The Target Shares constitute 50% of the issued share capital of Dataproof. The balance of the issued
share capital of Dataproof is beneficially held by one of its two directors, Mr Thapeli Matsabu.
2. The Disposal
2.1 Nature of the business of Dataproof
Dataproof is an IT security services company incorporated in South Africa in 2014. The company
delivers cybersecurity services designed to help organisations prevent, detect and respond to cyber
threats and protect their IT systems and data.
2.2 Rationale for the Disposal and Application of Disposal Proceeds
The rationale for the Disposal is to facilitate and support small business, black economic
empowerment, and economic self-determination amongst previously disadvantaged individuals,
while realising fair value for ISA's shareholders.
The proceeds of the Disposal will be utilised by ISA for its working capital requirements, and for
paying dividends to its shareholders, if applicable.

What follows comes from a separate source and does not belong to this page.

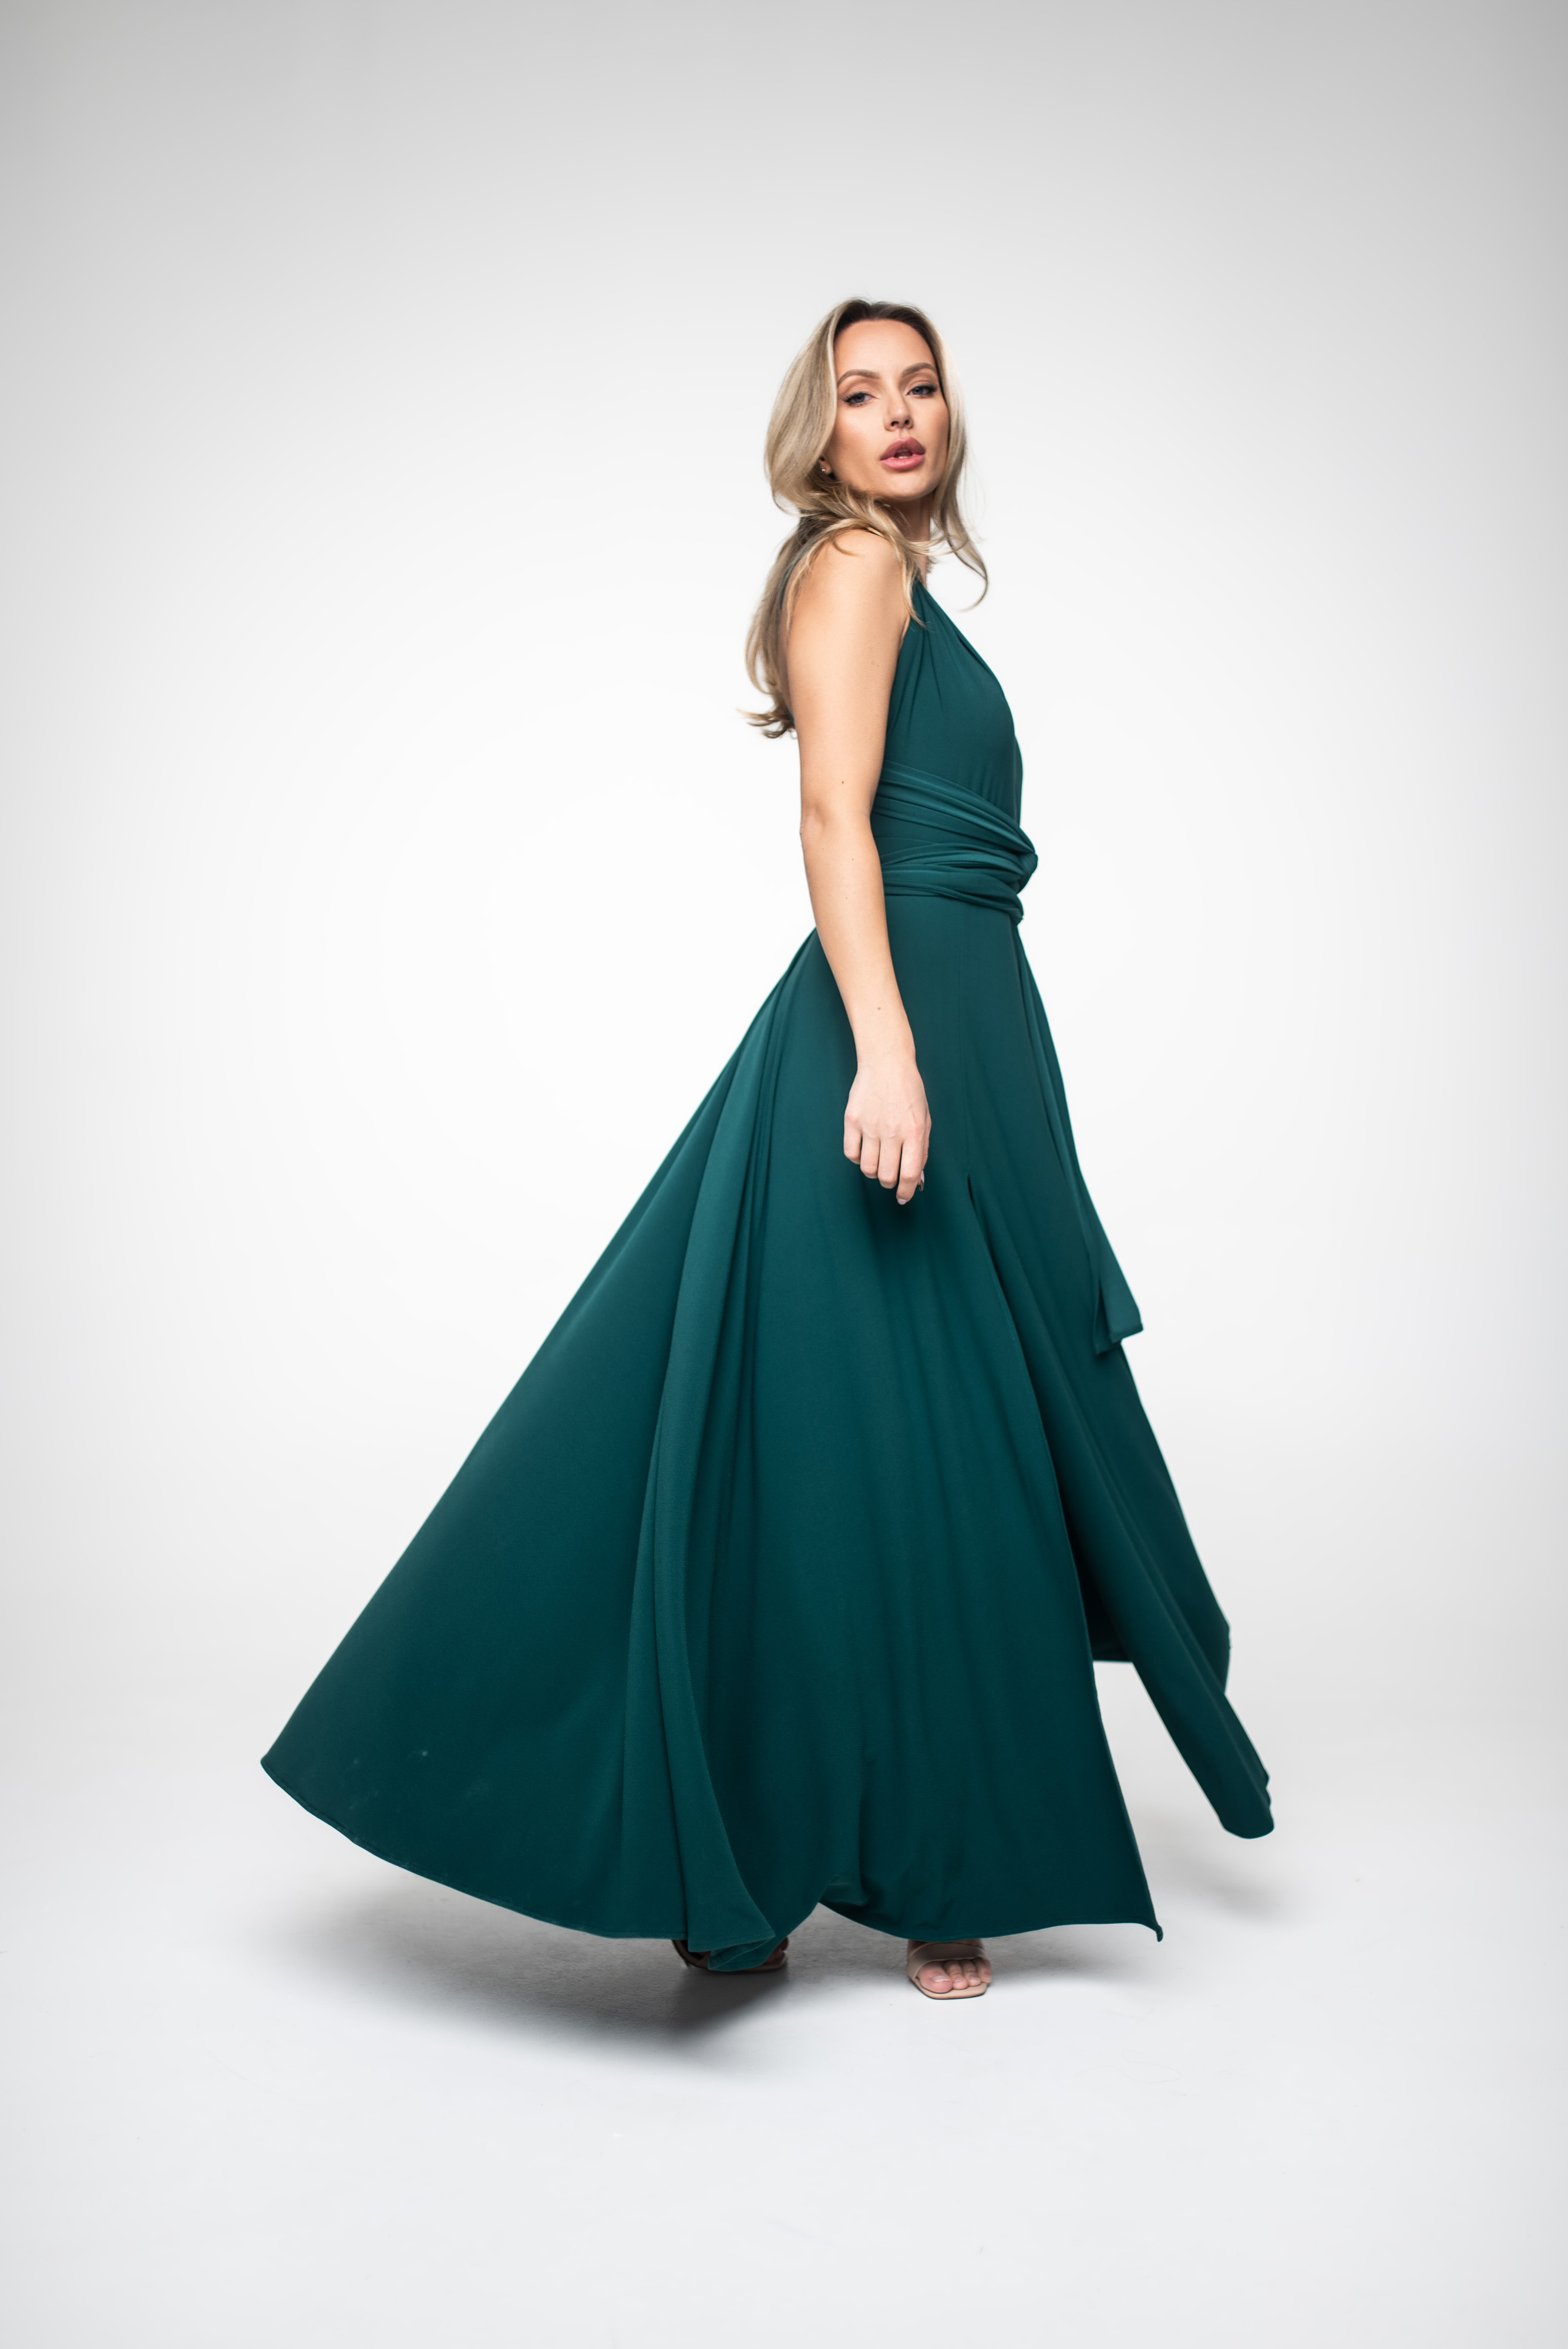 Emerald stretchy long MULTI dress

2.3 Conditions precedent and Completion Date
The Completion Date, being the date of the sale and purchase of the Target Shares in accordance
with the Agreement, is subject to the fulfilment or waiver, as the case may be, of the following
conditions precedent ("Conditions") before 17:00 on 31 May 2026 (or such other date as may be
agreed in writing by the parties to the Agreement ("Parties")) ("Longstop Date"):
2.3.1 the Seller having obtained the approvals and consents required for it to enter into and
perform this transaction, including but not limited to approvals from ISA, and the Seller
confirming in writing to the Buyer that such consents and approvals have been obtained;
2.3.2 the Buyer having obtained all corporate and statutory approvals required for it to repurchase
the Target Shares and to perform its obligations in terms of the Agreement, including but not
limited to the approvals required under the shareholders agreement and board resolutions
recording the application of the solvency and liquidity test, and the Buyer confirming in writing
to the Seller that such consents and approvals have been obtained;
2.3.3 the Buyer having delivered to the Seller a written waiver and consent executed by each
shareholder of the Target in terms of which they consent to the Buyer's repurchase of the
Target Shares under the Agreement and irrevocably waive, in respect of the Disposal, any
requirement under the shareholders agreement for the Seller to first offer the Target Shares
to the remaining shareholder and/or to follow any transfer notice and acceptance procedure;
and
2.3.4 if and to the extent required under the Competition Act, 1998 (Act 89 of 1998), as amended
("Competition Act"), all notifications, filings, approvals, clearances or declarations required
in respect of the Disposal having been duly made to, and obtained from, the relevant
competition authorities (including the Competition Commission, the Competition Tribunal,
and/or the Competition Appeal Court, as applicable ("Competition Authorities"), either
unconditionally or subject to conditions that are acceptable to the Buyer and Seller, acting
reasonably.
If any Condition is not fully satisfied, or waived on or before the Longstop Date, either of the Parties
may terminate the Agreement with immediate effect by delivering written notice of termination to the
other.
2.4 Purchase price
2.4.1 On the Completion Date, the Buyer will pay the Seller an amount of R52 million in cash.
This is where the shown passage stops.